According to the United States Census Bureau, the city of Norcross has a total area of 4.65 square miles (12.05 km2), of which 4.64 square miles (12.02 km2) is land and 0.01 square miles (0.03 km2), or 0.25%, is water.
The Western Gwinnett Bikeway, is a multi-use trail along the Peachtree Industrial Boulevard. It is a shared use path, cycle track, and bike lane that connects Norcross to neighboring Duluth.
In September 2015, the Norcross City Council approved plans to do a concept study on developing the Beaver Ruin Creek Greenway. The greenway could serve to connect Norcross residents to the Peachtree Creek Greenway that is being developed in Atlanta, Brookhaven, Chamblee and Doraville.

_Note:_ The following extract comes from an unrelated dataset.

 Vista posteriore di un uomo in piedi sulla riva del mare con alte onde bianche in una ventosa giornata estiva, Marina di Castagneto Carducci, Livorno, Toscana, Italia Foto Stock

As of 2010, Norcross had a population of 9,116. The racial and ethnic composition of the population was 40.8% white, 19.8% black or African American, 0.7% Native American, 2.1% Asian Indian, 10.7% Asian, 0.1% Pacific Islander, 21.5% from some other race and 4.3% reporting two or more races. 39.4% of the population was Hispanic or Latino.

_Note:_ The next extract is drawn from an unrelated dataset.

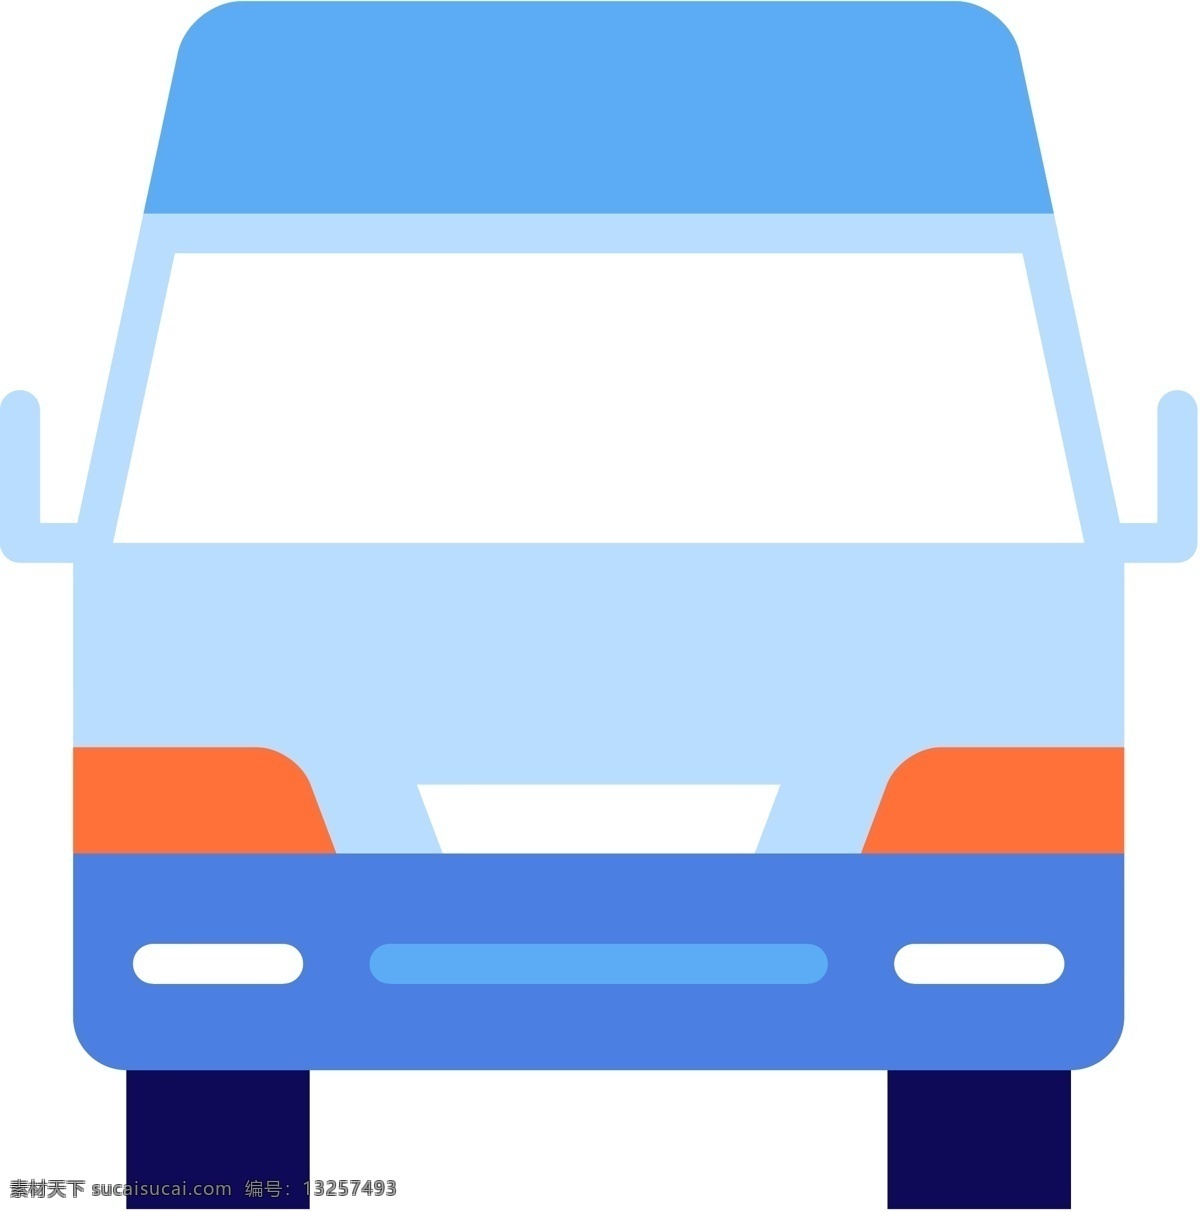 交通工具 icon 图标素材 充 线性 扁平 手绘 单色 多色 简约 精美 可爱 商务 圆润 方正 立体 图标 飞船 汽车 公交车

At the 2000 census, there were 8,410 people, 2,644 households and 1,768 families residing in the city. The population density was 2,050.4 per square mile (792.0/km²). There were 2,750 housing units at an average density of 670.5 per square mile (259.0/km²). The racial makeup of the city was 53.50% White, 20.82% African American, 0.54% Native American, 6.10% Asian, 0.04% Pacific Islander, 15.39% from other races, and 3.63% from two or more races. Hispanic or Latino of any race were 40.93% of the population.
There were 2,644 households of which 33.6% had children under the age of 18 living with them, 45.3% were married couples living together, 13.2% had a female householder with no husband present, and 33.1% were non-families. 22.2% of all households were made up of individuals and 4.7% had someone living alone who was 65 years of age or older. The average household size was 3.04 and the average family size was 3.35.
Age distribution was 22.7% under the age of 18, 14.8% from 18 to 24, 40.9% from 25 to 44, 15.5% from 45 to 64, and 6.1% who were 65 years of age or older. The median age was 30 years. For every 100 females, there were 130.7 males. For every 100 females age 18 and over, there were 134.8 males.
The median household income was $44,728 and the median family income was $42,893. Males had a median income of $26,485 versus $27,347 for females. The per capita income for the city was $18,573. About 11.8% of families and 17.9% of the population were below the poverty line, including 20.0% of those under age 18 and 17.2% of those age 65 or over.
Gwinnett County Public Schools serves Norcross.
Gwinnett County Public Library operates the Norcross Branch in Norcross.
The main newspaper of Greater Atlanta is the Atlanta Journal-Constitution.
The Spanish language newspaper El Nuevo Georgia has its headquarters in unincorporated Gwinnett County near Norcross.
The ABC Studios television show Resurrection was filmed in the town square and all around Norcross.